An example scenario of rollforward recovery is shown in Figure 1.3. When the failure of the replica is detected and the replica is restarted (possibly after being repaired). To readmit the restarted replica into the system, a nonfaulty replica takes a checkpoint of its state and transfer the checkpoint to the recovering replica. The restarted replica can rollforward its state using the received checkpoint, which represents the latest state of the system.
Figure 1.3 With redundant instances in the system, the failure of a replica in some cases can be masked and the system continue providing services to its clients without any disruption.
To avoid common mode failures (i.e., correlated faults), it helps if each replica could execute a different version of the system code. This strategy is referred to as n-version programming [1]. Program transformation may also be used to achieve diversified replicas with lower software development cost [4]. A special form of n-version programming appears in the recovery block method for software fault tolerance [8]. Instead of using different versions of the software in different replicas, each module of the system is equipped with a main version and one or more alternate versions. At the end of the execution of the main version, an acceptance test is evaluated. If the testing fails, the first alternate version is executed and the acceptance test is evaluated again. This goes on until all alternate versions have been exhausted, in which case, the module returns an error.
1.3 System Security
For a system to be trustworthy, it must be both dependable and secure. Traditionally, dependable computing and secure computing have been studied by two disjoint communities [2]. Only relatively recently, the two communities started to collaborate and exchange ideas, as evidenced by the creation of a new IEEE Transactions on Dependable and Secure Computing in 2004. Traditionally, security means the protection of assets [7]. When the system is the asset to be protected, it includes several major components as shown in Figure 1.4:
◾ Operation. A system is dynamic in that it is continuously processing messages and changing its state. The code as well as the execution environment must be protected from malicious attacks, such as the buffer-overflow attacks.
◾ System state. The system state refers to that in the memory, and it should not be corrupted due to failures or attacks.
◾ Persistent state. System state could be lost if the process crashes and if the process is terminated. Many applications would use files or database systems to store critical system state into stable storage.
◾ Message. In a distributed system, different processes communicate with each other via messages. During transit, especial when over the public Internet, the message might be corrupted. An adversary might also inject fake messages to the system. A corrupted message or an injected message must be rejected.
Figure 1.4 Main types of assets in a distributed system.
When we say a system is secure, we are expecting that the system exhibits three attributes regarding how its assets are protected [2]: (1) confidentiality, (2) integrity, and (3) availability. Confidentiality refers to the assurance that the system never reveals sensitive information (system state or persistent state) to unauthorized users. The integrity means that the assets are intact, and any unauthorized modification to the assets, be it the code, virtual memory, state, or message, can be detected. Furthermore, messages must be authenticated prior to being accepted, which would prevent fake messages from being injected by adversaries. The interpretation of availability in the security context is quite different from that in the dependable computing context. Availability here means that the asset is accessible to authorized users. For example, if someone encrypted some data, but lost the security key for decryption, the system is not secure because the data would no longer be available for anyone to access. When combining with dependable computing and in the system context, availability is morphing into that defined by the dependable computing community, that is, the system might be up and running, and running correctly so that an authorized user could access any asset at any time.
An important tool to implement system security is cryptography [11]. Put simply, cryptography is the art of designing ciphers, which scrambles a plaintext in such a way that its meaning is no longer obvious (i.e., the encryption process) and retrieves the plaintext back when needed (i.e., the decryption process).

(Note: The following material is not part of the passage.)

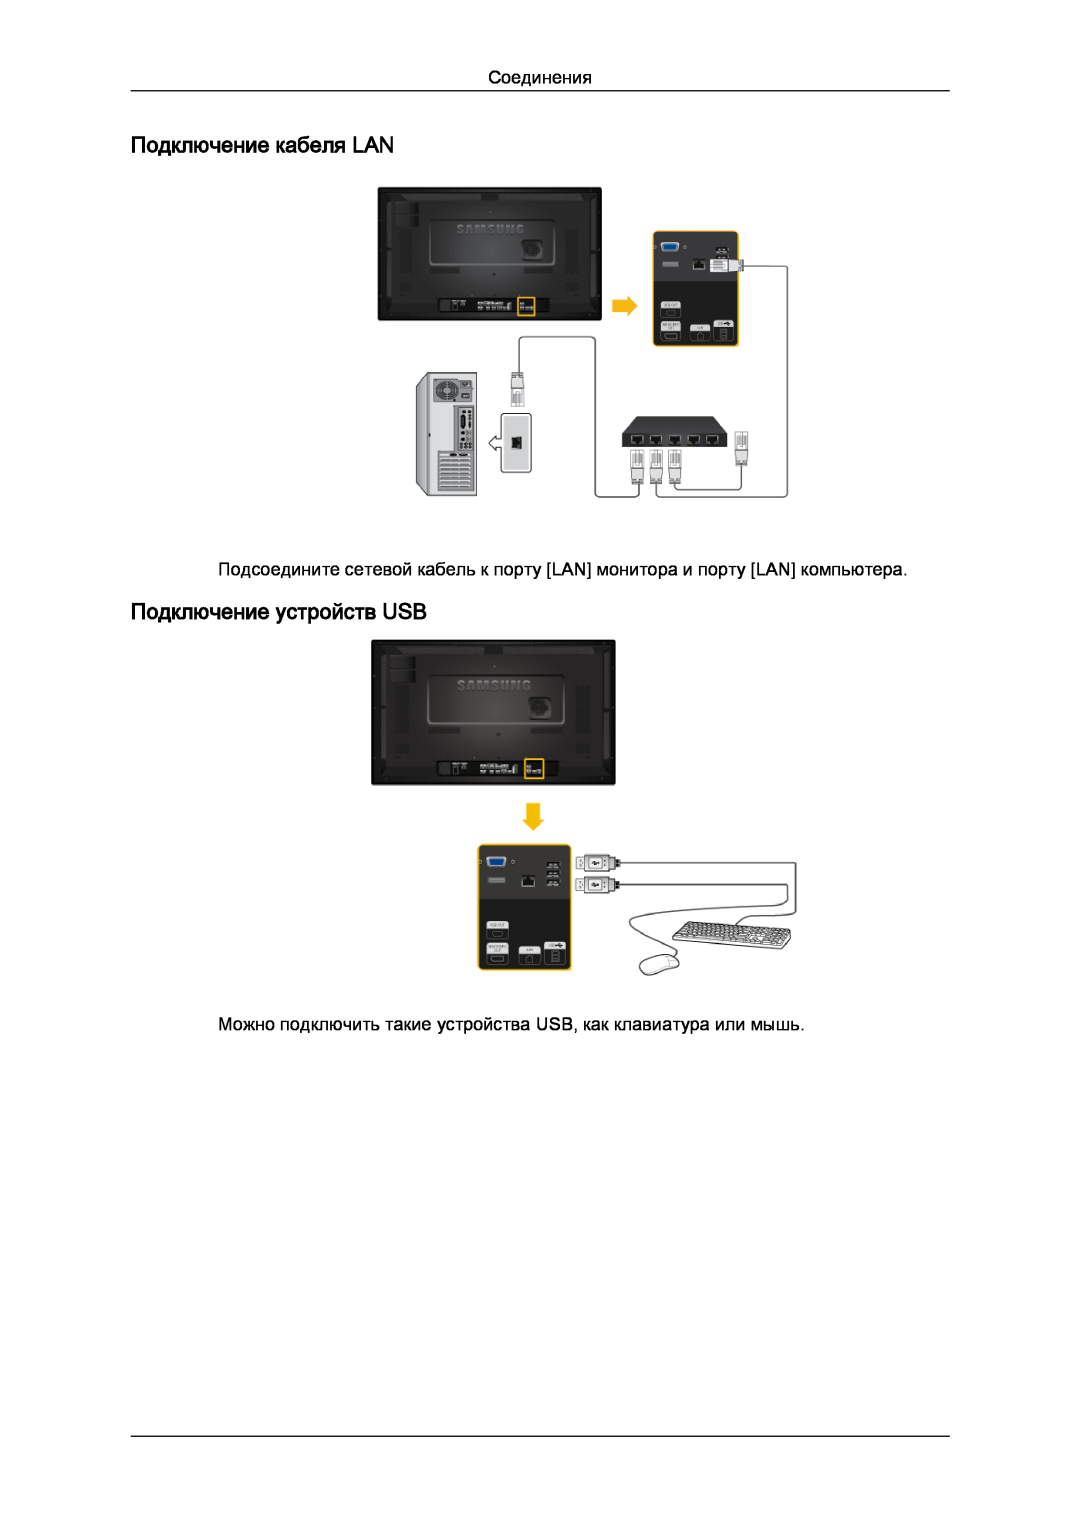 Samsung LH32CRTMBC/EN, LH32CRSMBD/EN manual Подключение кабеля LAN, Подключение устройств USB, Соединения 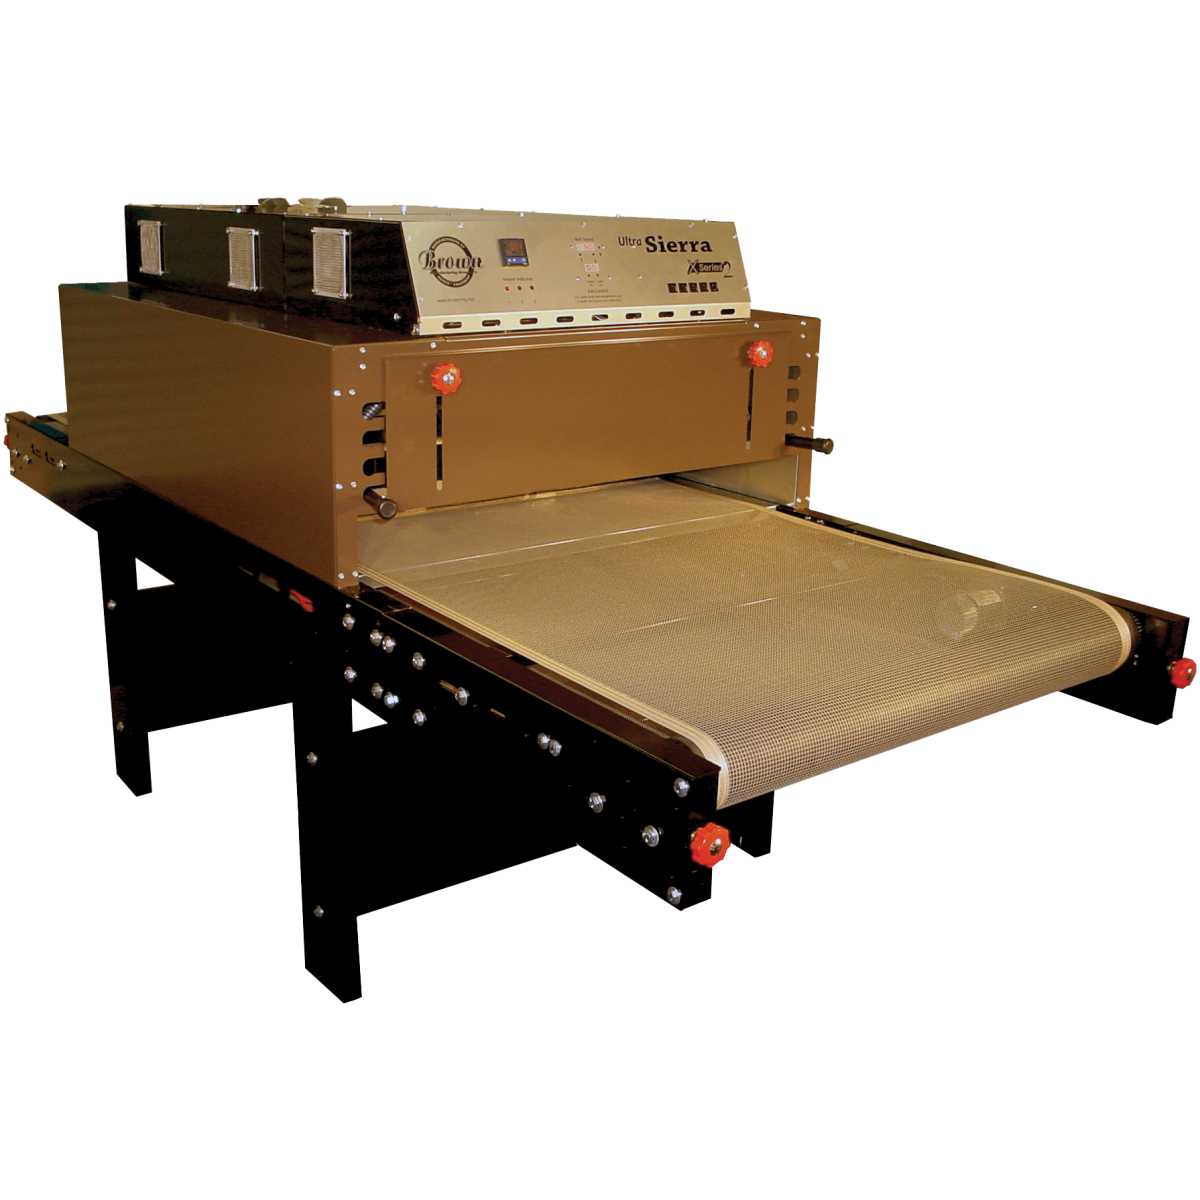 Ultrasierra X Series 2 Conveyor Dryer BROWN MFG®

The encrypted text is often called cipher text. Encryption is the most powerful way of ensuring confidentiality and it is also the foundation for protecting the integrity of the system. There are two types of encryption algorithms, one is called symmetric encryption, where the same security key is used for encryption and decryption (similar to household locks where the same key is used to lock and unlock), and the other one is called asymmetric encryption, where one key is used to encrypt and a different key is used to decrypt. For symmetric encryption, key distribution is a challenge in a networked system because the same key is needed to do both encryption and decryption. The asymmetric encryption offers the possibility of making the encryption key available to anyone who wishes to send an encrypted message to the owner, as long as the corresponding decryption key is properly protected. Indeed, asymmetric encryption provides the foundation for key distribution. The encryption key is also called the public key because it can be made publicly available without endangering the system security, and the decryption key is called the private key because it must remain private, i.e., the loss of the private key will cripple the security of the entire system if built on top of asymmetric encryption. To further enhance the security of key distribution, a public-key infrastructure is established so that the ownership of the public key can be assured by the infrastructure.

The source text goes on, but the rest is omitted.